Dengan demikian, definisi pendidikan islam adalah pengenalan dan pengakuan lokasi yang tepat dari segala sesuatu dalam tatanan penciptaan, yang secara bertahap ditanamkan pada manusia, sehingga mengarah pada pengakuan Tuhan yang satu dan tertanam dalam kepribadian.
Dalam buku “Menejemen Pendidikan Islam “, Dr. Afiful Ikhwan mengupas tuntas tentang problematika Menejemen Pendidikan Islam yang bisa diterapkan di semua lembaga pendidikan, baik sekolah maupun pomdok pesanren.
Dalam buku ini penulis menuliskan berbagai bidang dalam pengelolaan manajemen pendidikan. Berisikan lengkap mulai dari Kepala sekolah sampai bidang terbawah. Diantaranya membahas tentang menajemen kepala madrasah/pondok pesantren.

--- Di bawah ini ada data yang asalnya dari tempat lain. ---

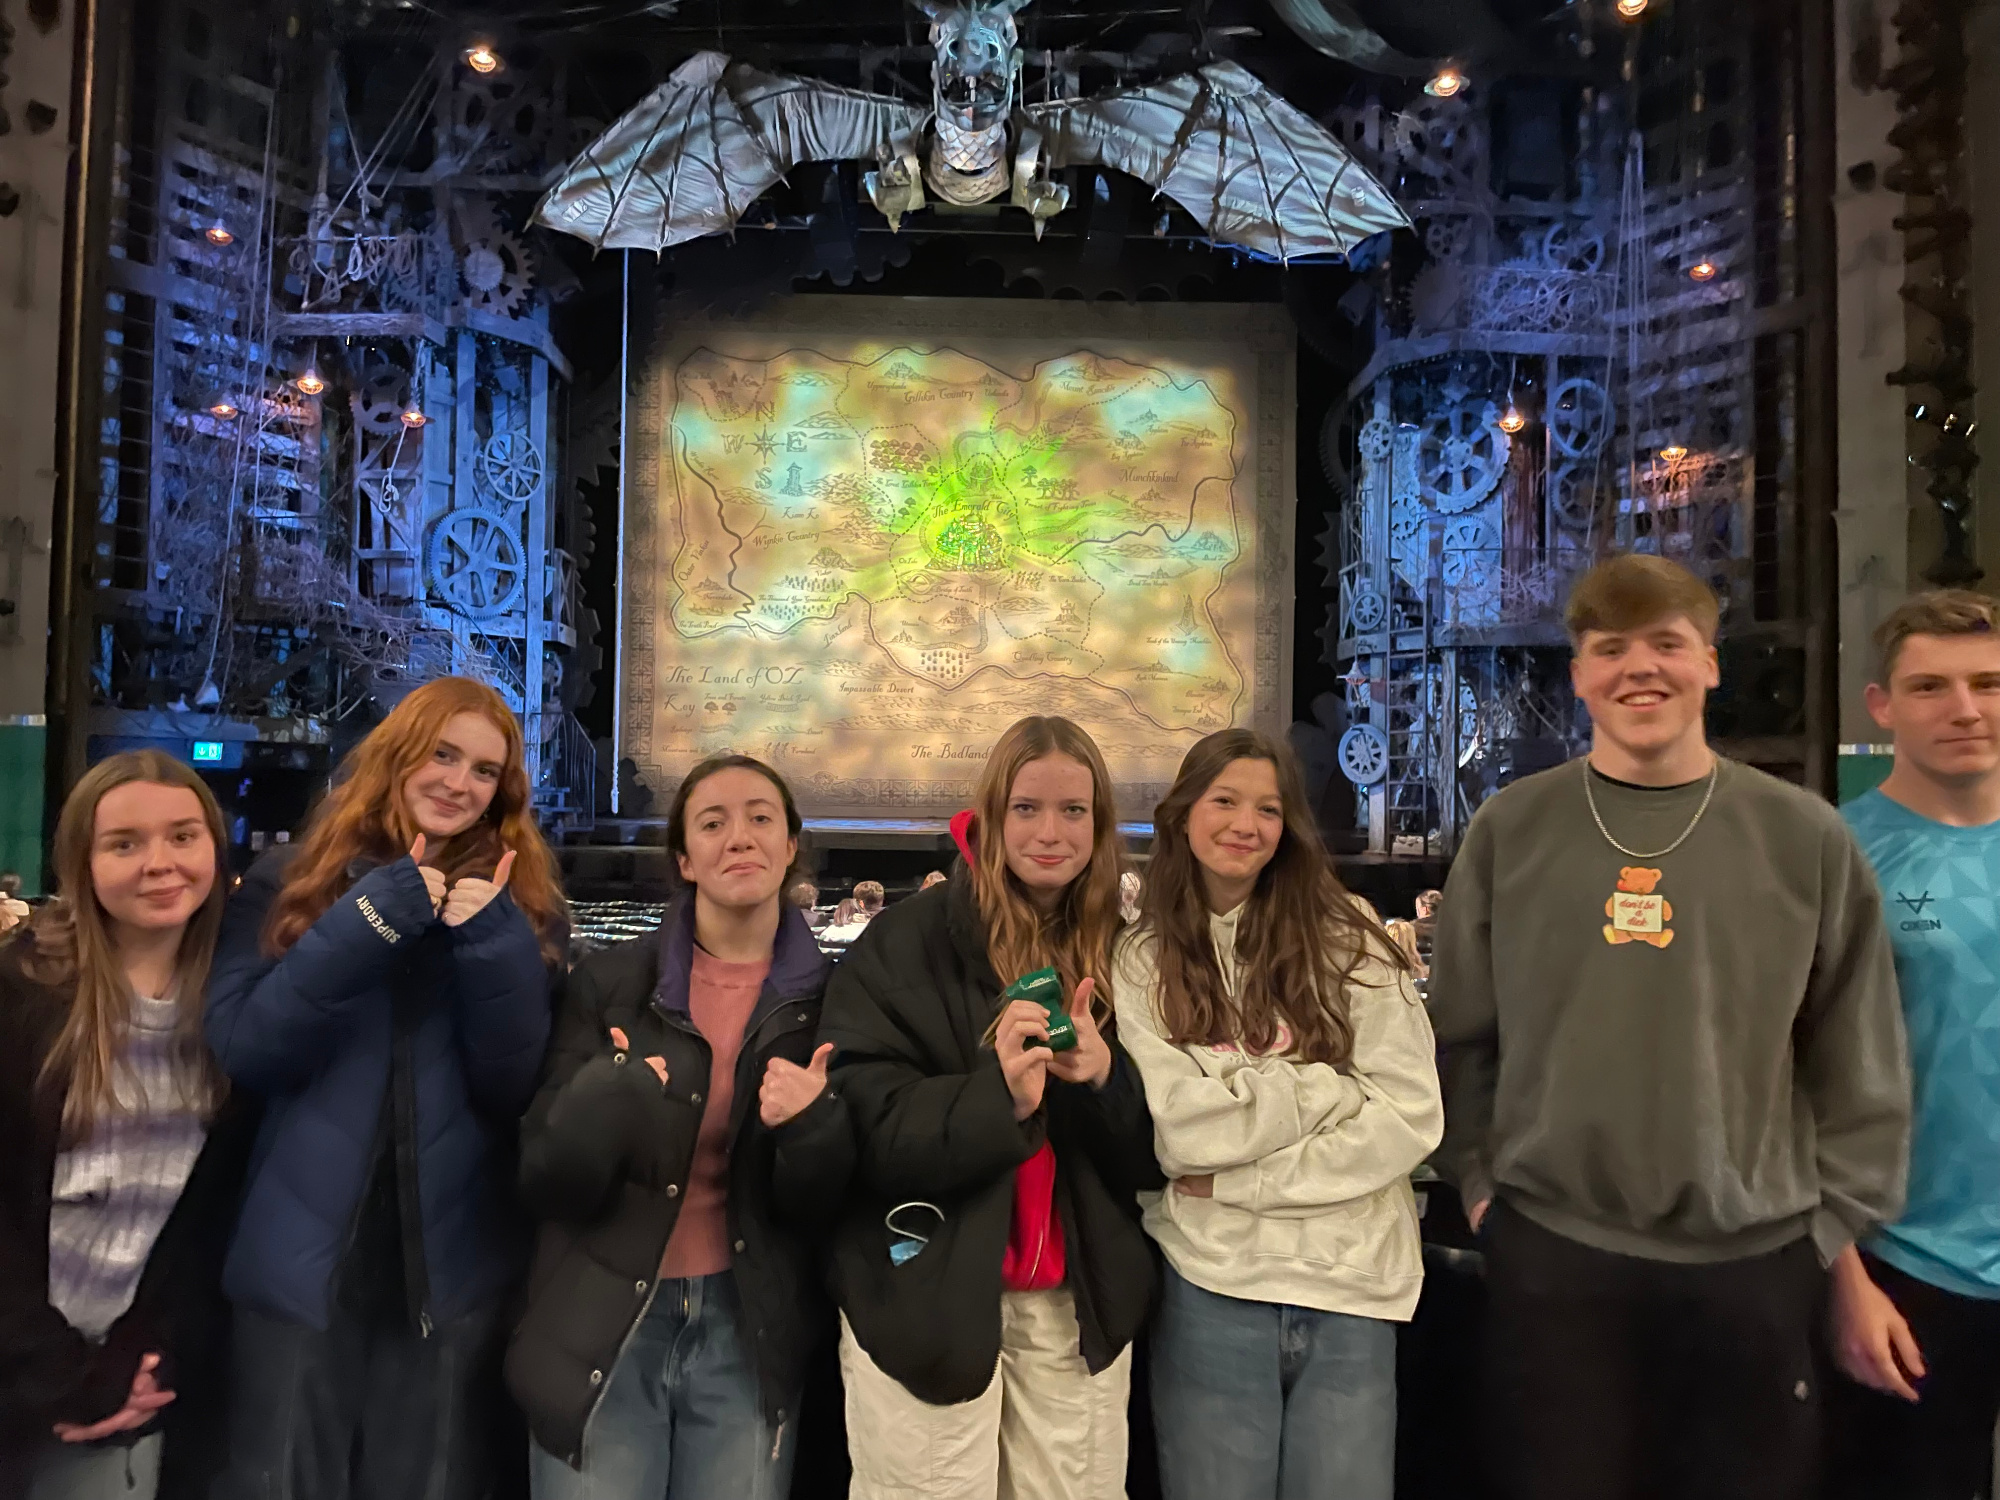 wicked theatre trip

Sebagai pemimpin suatu lembaga pendidikan , manajemen perumusan visi, misi, tujuan, rencana strategis, dan SOP pada madrasah, manajemen pendidik dan tenaga kependidikan, manajemen peserta didik dan alumni pada madrasah, manajemen perubahan an konflik pada madrasah, manajemen kurikulum pembelajaran, manajemen sarana dan prasarana, manajemen keuangan dan pembiayaan, manajemen peran serta masyarakat (stakeholder) dan kemitraan pada madrasah, serta menajemen keterbukaan informasi pada madrasah.
Kelebihan buku ini adalah penjelasan mengenai manajemen pendidikan Islam secara detail, mendalam dan lengkap. Demikian juga penulis menyertakan pandangan Islam mengenai setiap bagian manajemen pendidikan Islam, lengkap dengan ayat-ayat dari Al Qur’an dan hadits-hadits Rasulullah SAW.
Sedangkan kekurangannya adalah masih adanya kesalahan penulisan pada beberapa kata, seperti “administtrasi” (halaman 5), “sedanngkan” (halaman 6). Juga seringkali terjadi pengulangan kata, seperti pada kalimat “Memperkuat dan memperkuat fungsi bermakna madrasah” (halaman 27), “…mengatur dan mengatur tenaga pengajar dan kependidikan” (halaman 41), “… serangkaian tindakan untuk masa depan atau masa depan” (halaman 61).
Buku ini sangat tepat sebagai pedoman tenaga kependidikan di madrasah maupun pondok pesantren. Dengan menerapkan prinsip-prinsip manajemen yang dijelaskan dalam buku ini, diharapkan manajemen pondok pesantren menjadi lebih baik dan teratur, sehingga kualitas lembaga penddikan mengalami perbaikan dan kemajuan. Sehingga lebih bermanfaat bagi umat.